Os contos de fada remetem as crianças aos mitos universais do herói em luta contra as forças do mal, amenizando os temores infantis.
 No nosso comportamento também podemos observar “rituais”: as comemorações de “quinze anos”, o trote de calouros, os festejos de ano novo, todos esses eventos possuem ressonâncias míticas, lembram os “ritos de passagem” próprios da consciência primitiva. Rito é a celebração de um culto ou realização de cerimônia feita de acordo com certas regras baseadas na tradição religiosa ou sociocultural de um povo ou grupo social. Os “ritos de passagem” são aqueles que, em certas sociedades primitivas, marcam a entrada do indivíduo na vida adulta. 

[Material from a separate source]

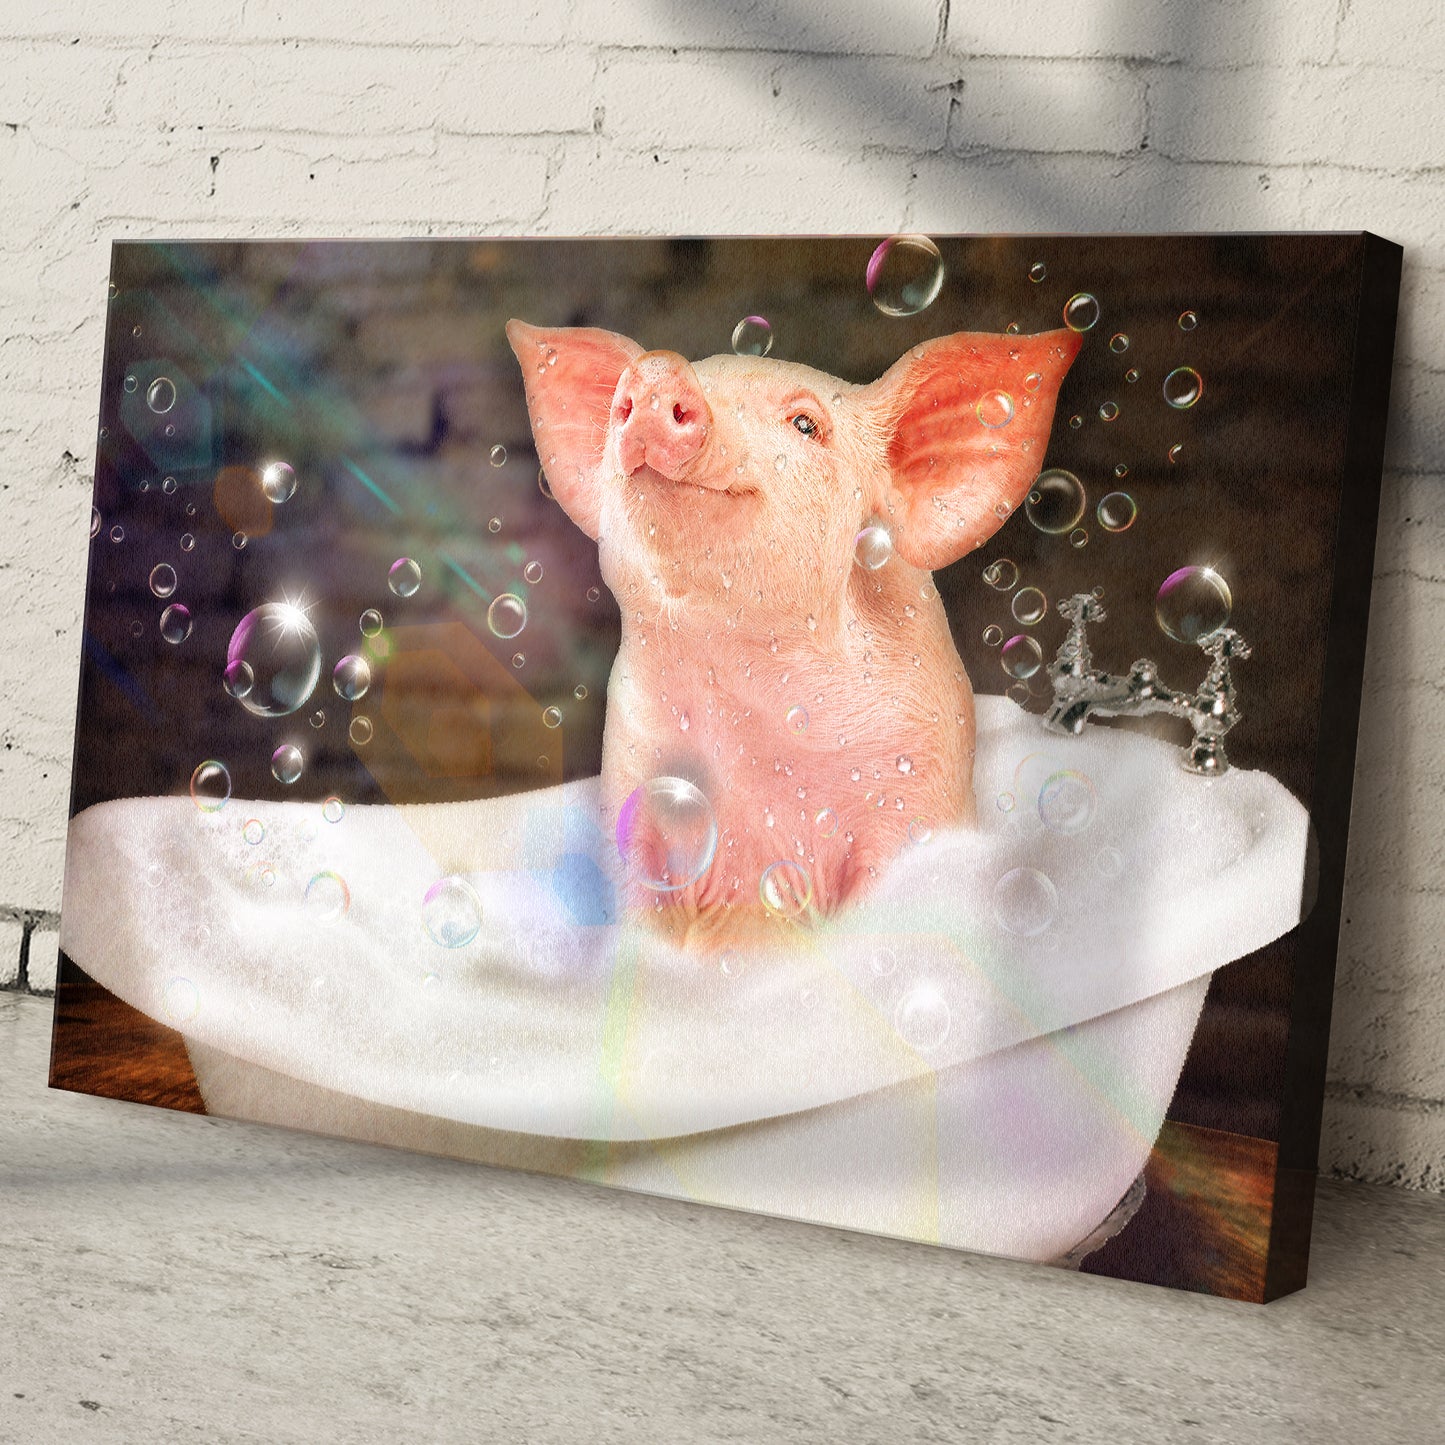 Bubble Bath Pig In Tub Canvas Wall Art Style 1 - Image by Tailored Canvases

Hoje o mito não se apresenta com a abrangência de antes; os mitos modernos não abrangem mais a totalidade do real. As pessoas escolhem seus mitos sem que haja coerência entre eles. Embora ainda tenha força para inflamar paixões, não se apresenta mais com o caráter existencial que tinha no mito primitivo. O aprimoramento da reflexão e da crítica racional permite-nos rejeitar os mitos prejudiciais, aqueles que levam a desumanização (quem pode se esquecer do “mito da raça ariana” defendido pelos nazistas?), rejeitar também a leitura dogmatizada , as interpretações literais que levam ao fundamentalismo. 
O surgimento da filosofia
Engessado pela casta sacerdotal que controlava a religião pública e fazia dele uma leitura dogmatizada, o mito vai perdendo seu valor e sua força. Já não respondia mais às legítimas indagações do espírito humano. Surge a idéia de um saber irrefutável, que não pode ser negado nem por homens, nem por deuses, nem pela mudança do tempo. A filosofia surge então como alternativa, como uma nova opção de conhecimento, propõe uma nova interpretação da realidade. Os primeiros pensadores designaram esse saber com palavras da língua grega: Sophia (saber), logos ( razão), aletéia (verdade), episteme (ciência). Como já foi dito, a Filosofia nasce não como cosmogonia ou teogonia, mas como cosmologia , “explicação da ordem do mundo pela determinação de um princípio original e racional que é origem e causa das coisas e sua ordenação. A ordem – cosmos – deixa de ser o efeito de relações sexuais entre entidades e forças vitais, deixa de ser uma genealogia, para tornar-se o desdobramento racional e inteligível de um princípio originário.” A filosofia, entretanto, não pretende negar o mito, mas propor uma nova interpretação da realidade. Ela surge como uma nova opção de conhecimento. Platão faz do mito um importante instrumento pedagógico. É conhecido o seu Mito da Caverna. A filosofia nega, destrói, desmascara os falsos mitos; com relação a esses desempenha mesmo um papel demolidor. O aprimoramento da reflexão e da crítica racional, como já dissemos, permite-nos rejeitar os falsos mitos, os prejudiciais, aqueles que levam a desumanização. Um exemplo desses falsos mitos é o MITO DA SUPERIORIDADE DA RAÇA ARIANA, teoria da superioridade racial aproveitada pelo programa político do nazismo, que identificava os alemães como raça superior. Um outro exemplo é o MITO DO CIENTIFICISMO. Augusto Comte, fundador do positivismo, opõe radicalmente MITO e RAZÂO. Inferioriza o mito como sendo uma explicação fracassada da realidade. O positivismo explica a evolução da espécie humana em três estádios: o mítico, o filosófico e o científico, sendo este último superior aos outros e considerado como o único válido para se chegar à verdade. Ao fazer isso, exalta a ciência , criando um novo mito: o “mito do cientificismo” , que é a crença na ciência como único saber possível, como única interpretação válida do real. O mito do cientificismo dá origem a outros mitos, como o mito do progresso, da objetividade e da neutralidade científicas. 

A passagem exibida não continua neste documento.